The bottom line is that this counselor was also not trying to do the best for his students. What we learned from this is that the best students take honors classes, and if your child can do the honors work, thats where you want them.
The dumbing down of schools, particularly bright children being held back: (paraphrasing)
"you even have bright children being held down so that the others will not suffer a trauma--Beelzebub, what a useful word!--by being left behind."
He went on to describe children "who would be capable of tackling Aeschylus or Dante being forced to listen to their coeval's attempts to spell out 'a cat sat on a mat'.
The point of the essay dovetailed nicely with Sowell's piece, that the driving force of this is the sentiment of envy--"I'm as good as you are"--since nobody who really believes it has to say it out loud: the St. Bernard does not say it to the toy dog, nor the scholar to the dunce, nor the pretty woman to the plain.

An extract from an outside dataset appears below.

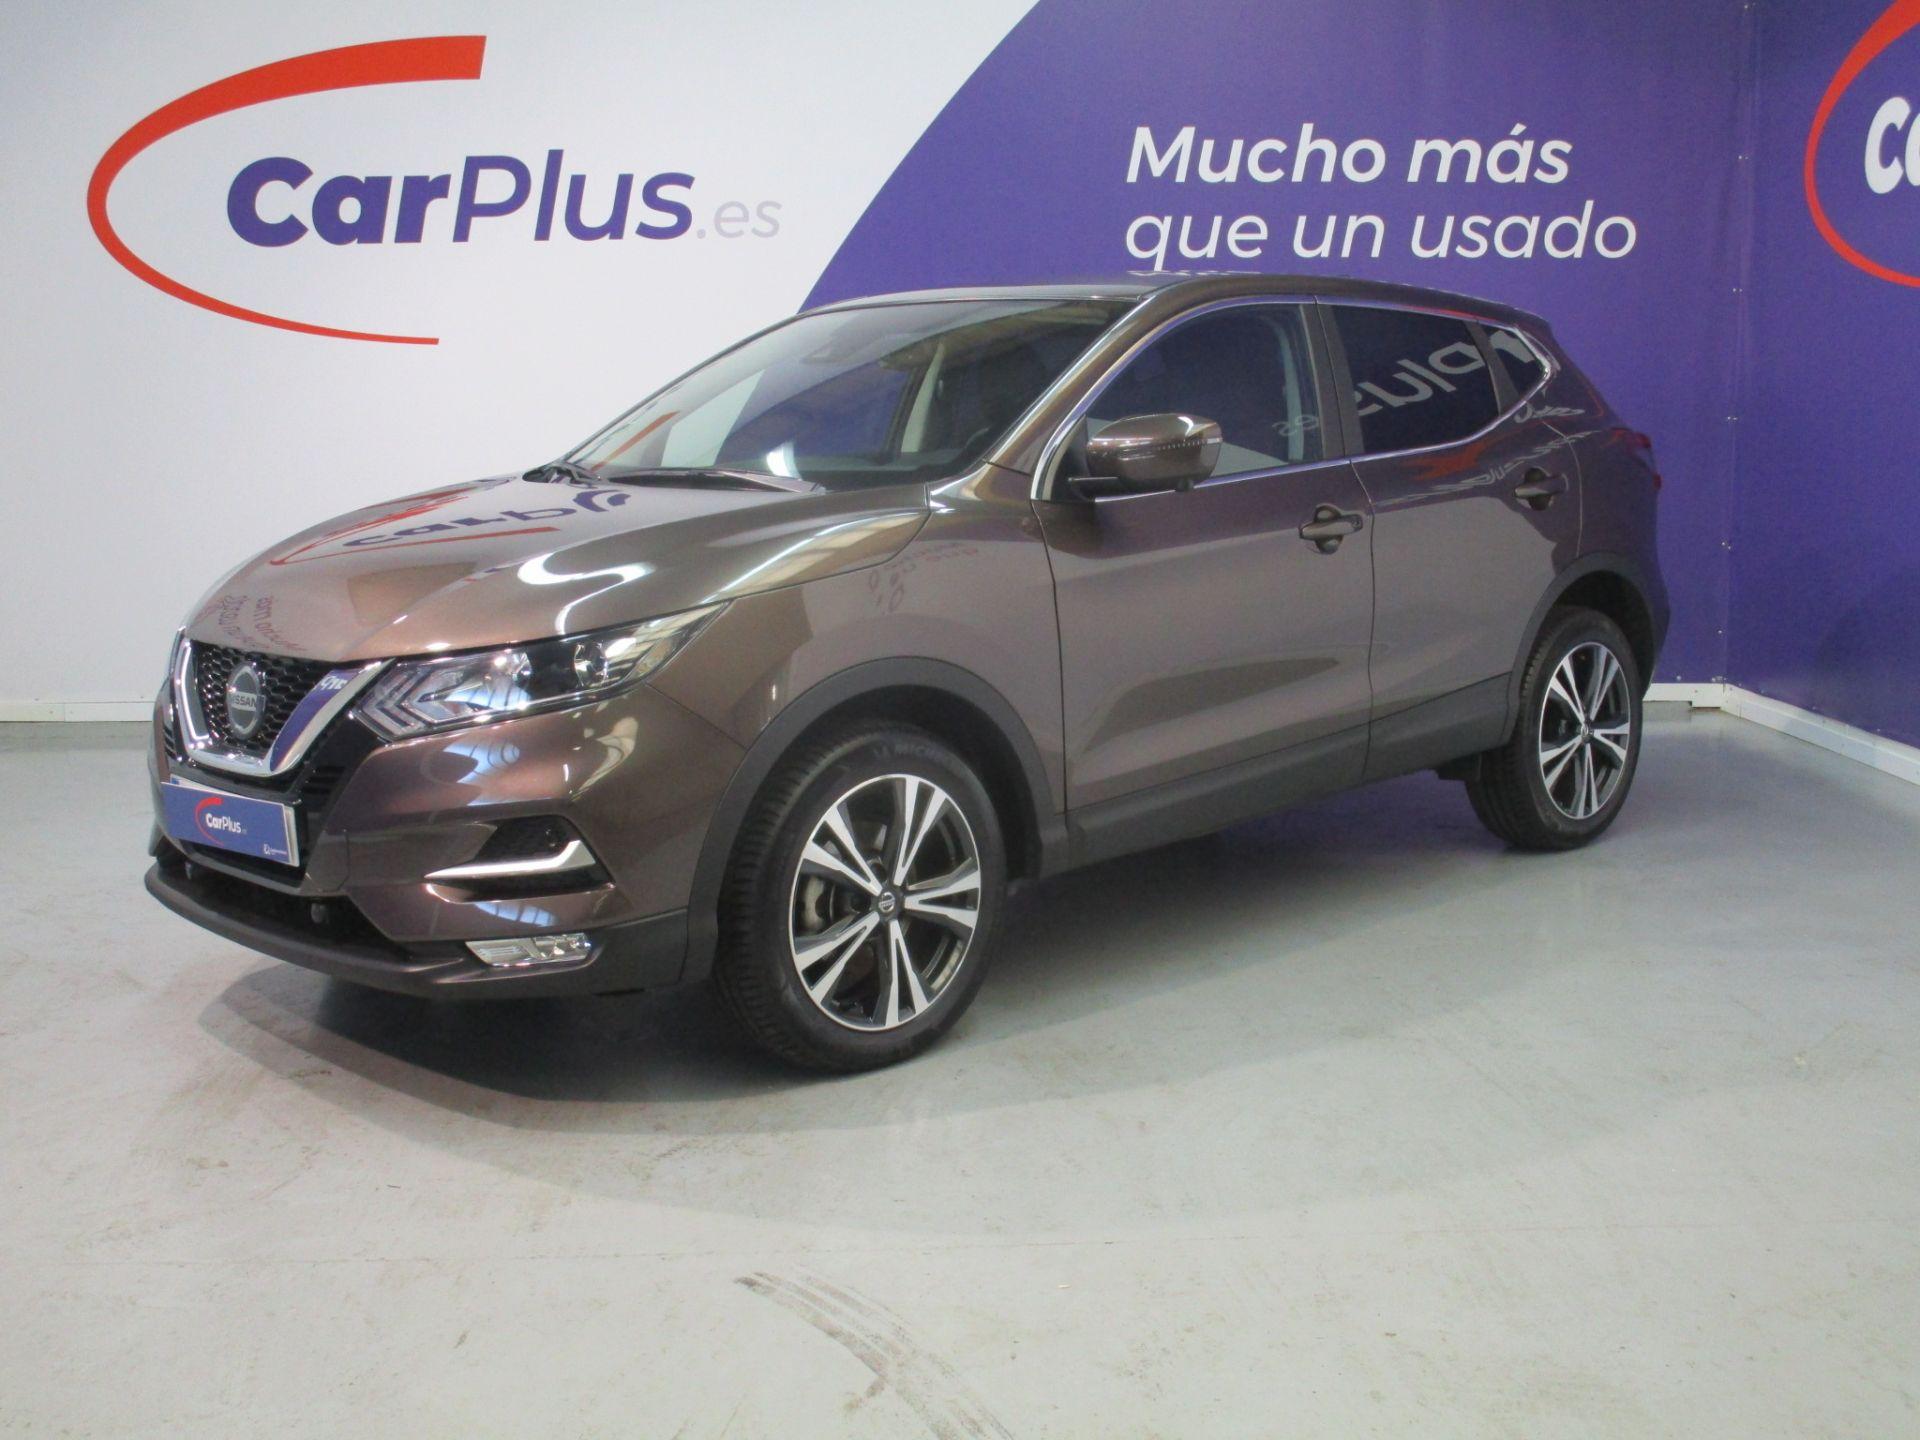 Nissan Qashqai DIG-T 117 kW (160 CV) E6D DCT N-CONNECTA segunda mano Madrid
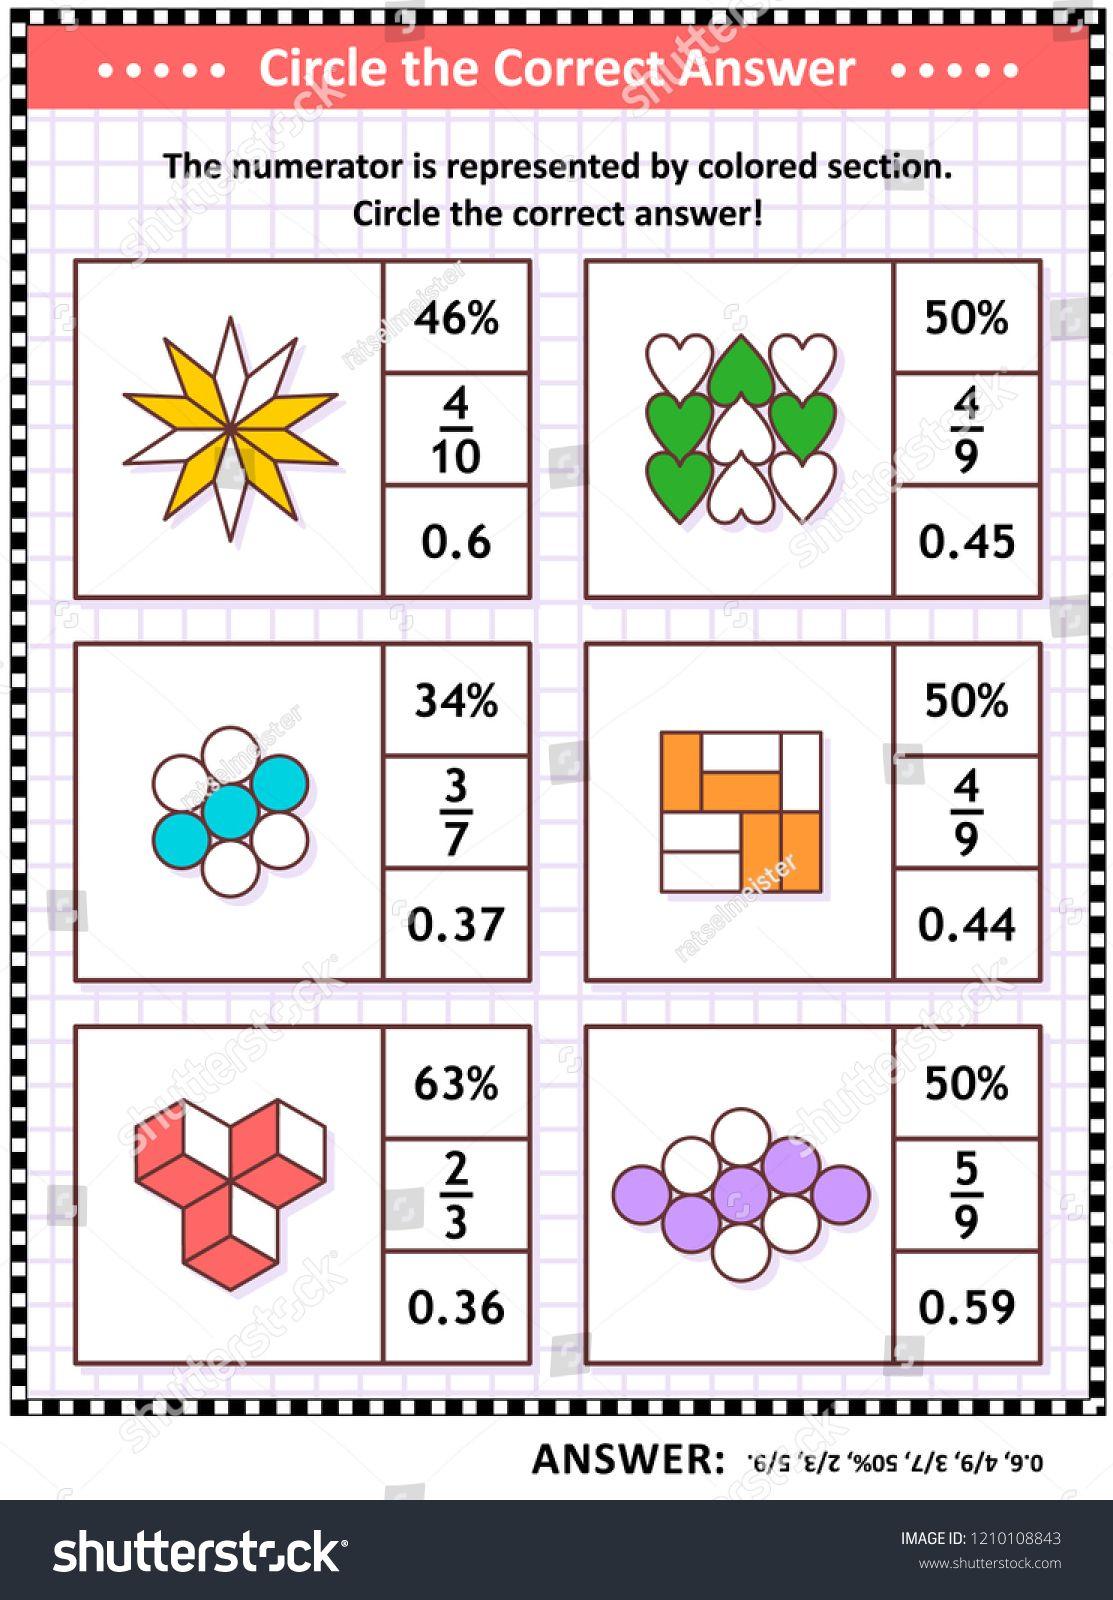 Math Skills And Iq Training Visual Puzzle Or Worksheet For - Worksheet Visual Puzzle

The essay went on to cite Machiavelli (IIRC), giving the example of going out into a neighboring wheat field and snicking off the tops of the heads of grain taller then their neighbors: no pre-eminence among individuals is to be allowed; and to note that in England, the pre-eminent were beginning to limit their own growth in order to get along...
Quite aways ahead of its time, it was...
Cheers!
'In most cases, the parents don't care and the students don't care'
Hear hear. That was my experience as well. The notion that teachers are at the bottom of the academic pile in college may be true of elementary teachers but is increasingly not the case for some HS teachers in some states. In OR to teach high school one must first get a degree in the subject matter to be taught then go an additional year for an MAT (Master of Arts Teaching) I went through that program and it was quite rigorous, not everyone got automatic A's, it was in fact a lot of work. I think the school I taught in was mostly staffed by well trained, intelligent and hard working teachers. The problem as you said, the students' attitudes. It was apparent very early in the year which kids' parents valued education and which didn't. Parents who don't care have kids that are poor students.
Thank God for homeschool ping.
Bingo ... This is "it" in a nutshell. Mediocrity IS the desired outcome ... it makes for compliant workers who are satisfied to take orders, fit in, and generally not cause trouble.
We have Thomas Sowell in our curriculum!